En el Congreso, entretanto, se actualizó una iniciativa conjunta de diputados santafesinos de distintas fuerzas políticas y que aspira a fortalecer a la justicia penal federal ante el narcotráfico. Que se trate de un proyecto fruto del consenso (lo suscriben diputados del peronismo, del kirchnerismo, del Pro, del socialismo y de la UCR) es casi un milagro. Y que el kirchnerismo, que comanda las comisiones legislativas estratégicas haya habilitado el debate para la próxima semana, otro milagro. Messi lo hizo.
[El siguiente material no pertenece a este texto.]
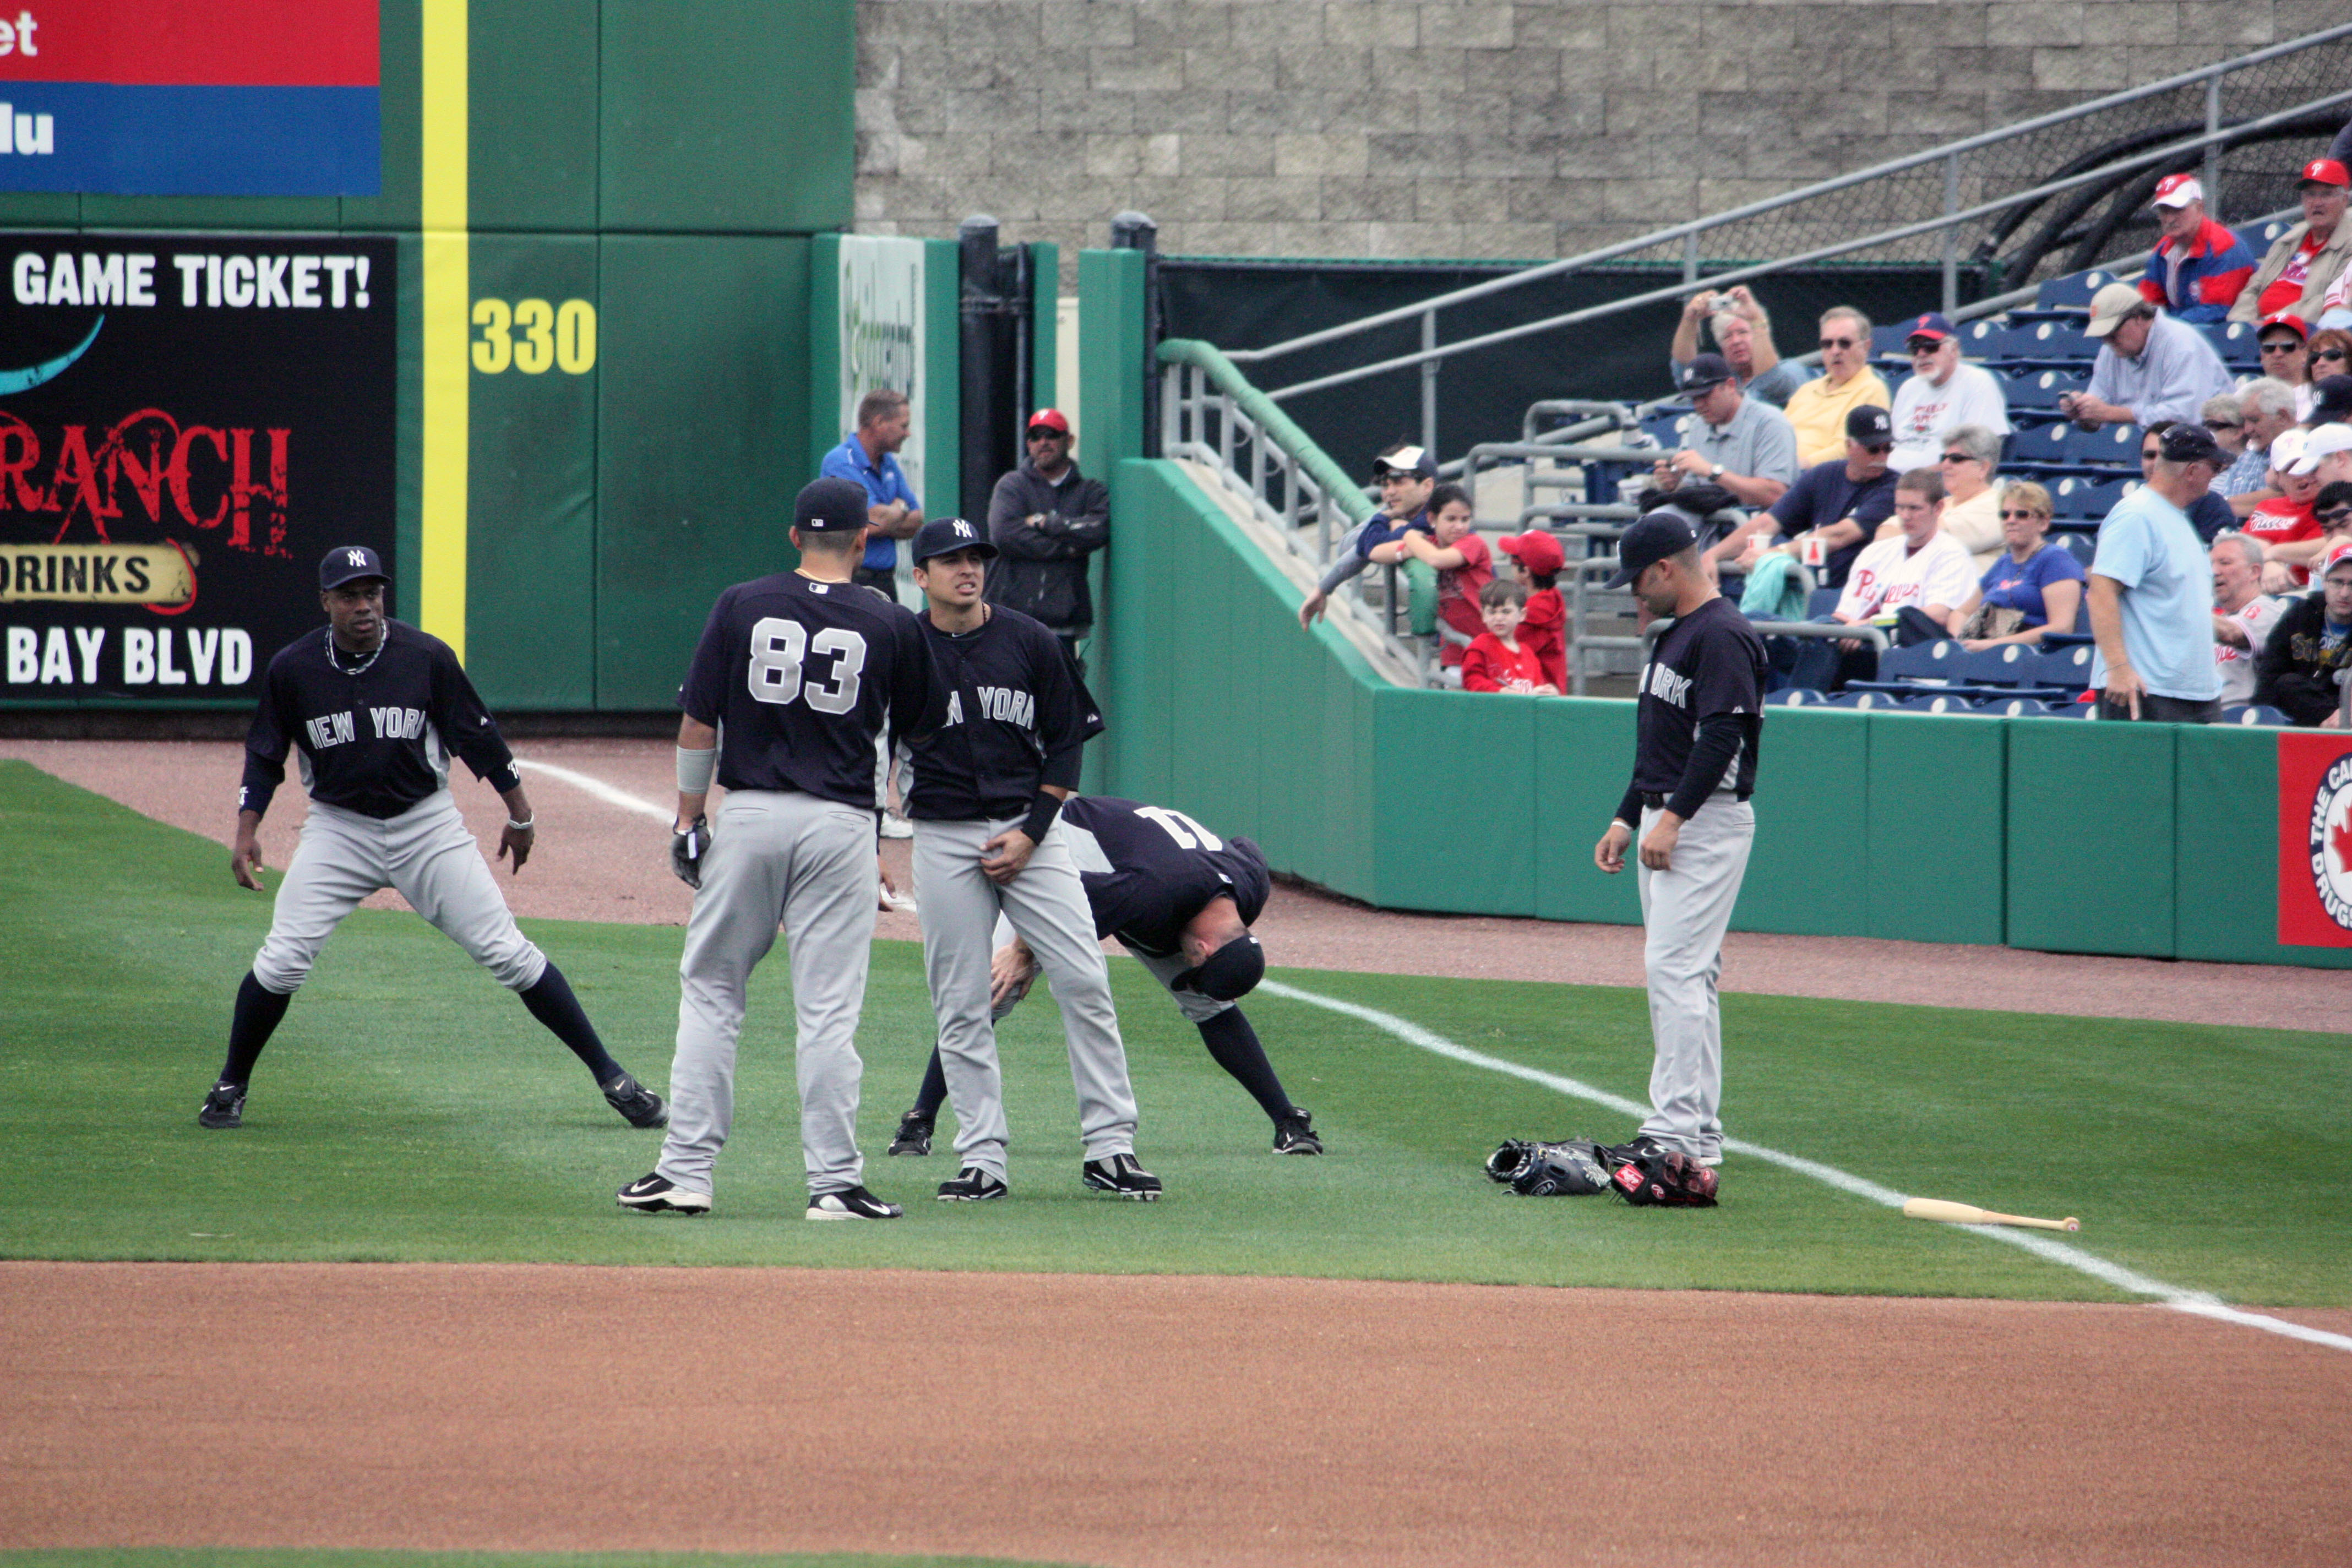 yankees-stretch-before-their-march-10th-game.jpg

La crisis de seguridad iluminada gracias a que la víctima fue la familia política de Messi es un capítulo crepuscular de la crisis del sistema. Cuando la política no toma decisiones adecuadas y deja inerme al Estado, la sociedad actúa. A veces lo hace por acción directa, como empezó a ocurrir en Rosario.

Ya evidenciado el fin de la etapa argentina que hoy se descompone sería penoso que el nuevo ciclo no se coronara con un nuevo sistema político, apoyado sobre un nuevo consenso y sobre verdaderas políticas de Estado adecuadas a la época y a las posibilidades que tienen el país y la región. Allí hay que agrupar fuerzas.